- DATA -
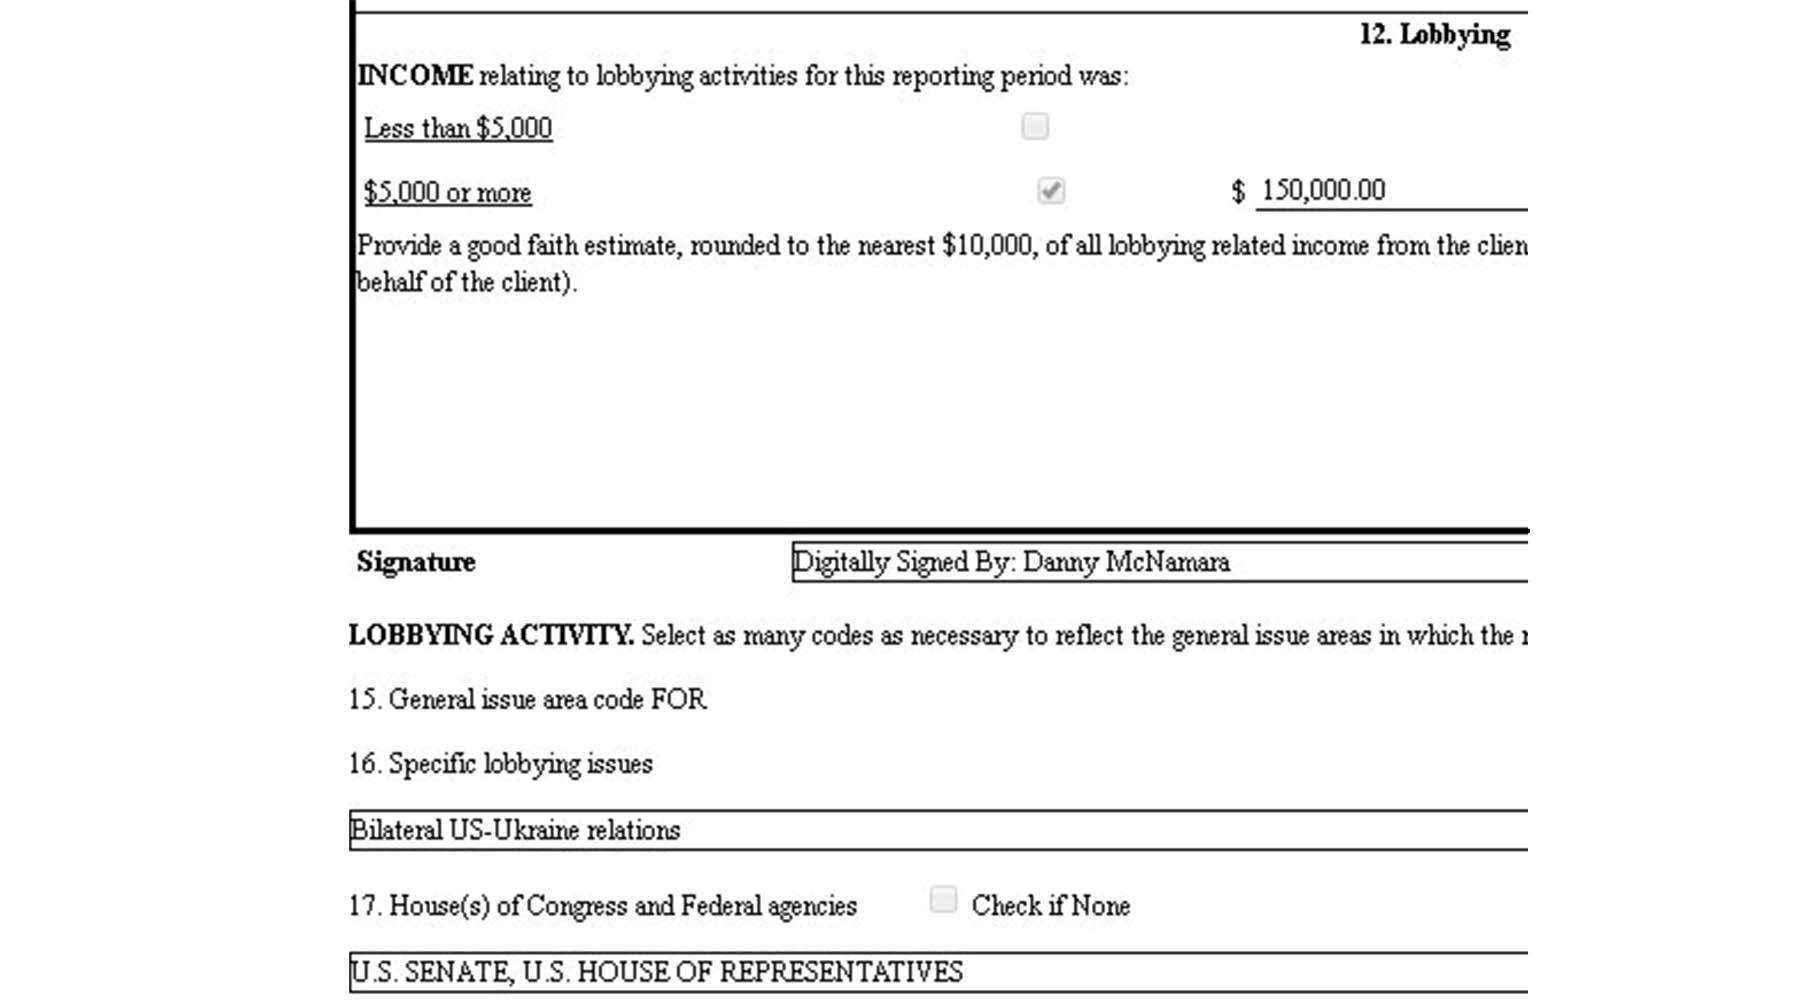 Kiev a dépensé 300 000 dollars pour du lobbying auprès du Congrès américain
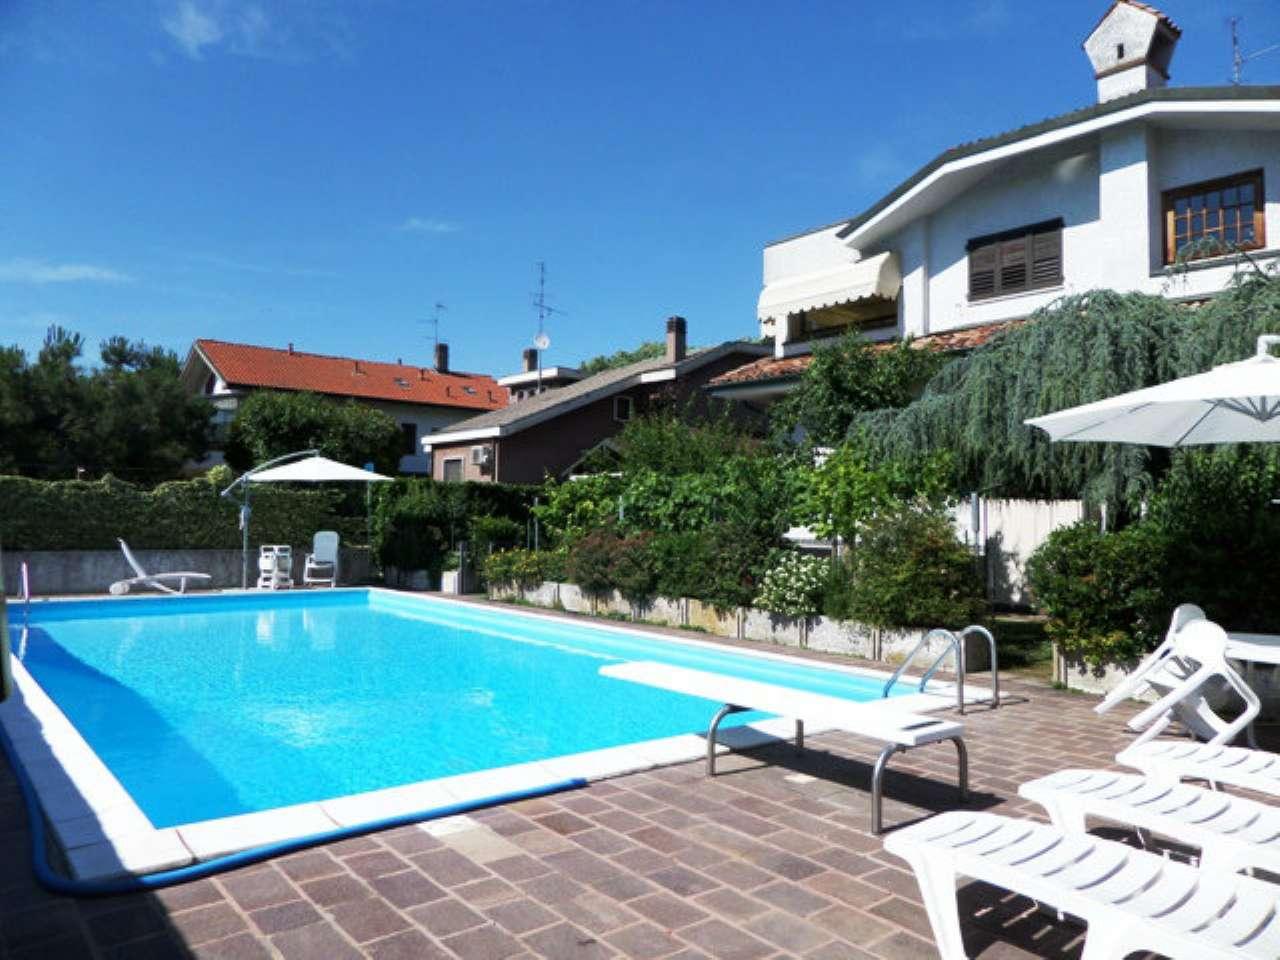 Villa in vendita a Cusago, 8 locali, prezzo € 1.250.000 | CambioCasa.it
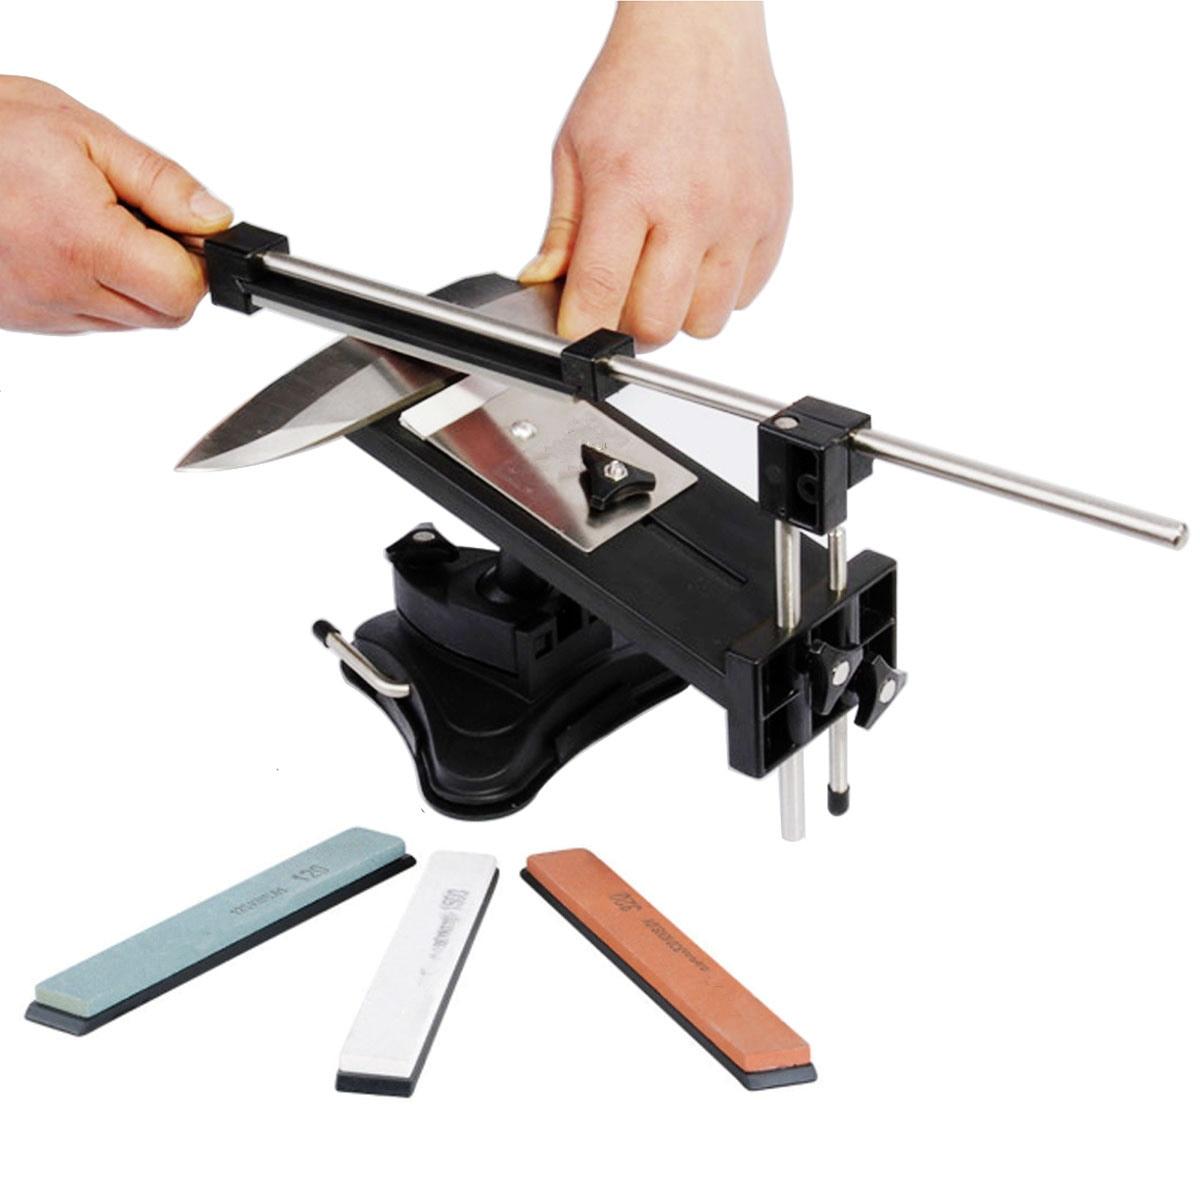 Todo o Ferro Aço Sharpener de faca Profissional Cozinha Ferramentas Do Sistema Fix-ângulo Com 4 Pedras de Afiar Pedra De Amolar Facas de Cozinha

- WORK ITEM -
Print the whole listing above once more, word for word, without its pictures.

- RESULT OF THE EXERCISE -
 Kiev a dépensé 300 000 dollars pour du lobbying auprès du Congrès américain
 Villa in vendita a Cusago, 8 locali, prezzo € 1.250.000 | CambioCasa.it
 Todo o Ferro Aço Sharpener de faca Profissional Cozinha Ferramentas Do Sistema Fix-ângulo Com 4 Pedras de Afiar Pedra De Amolar Facas de Cozinha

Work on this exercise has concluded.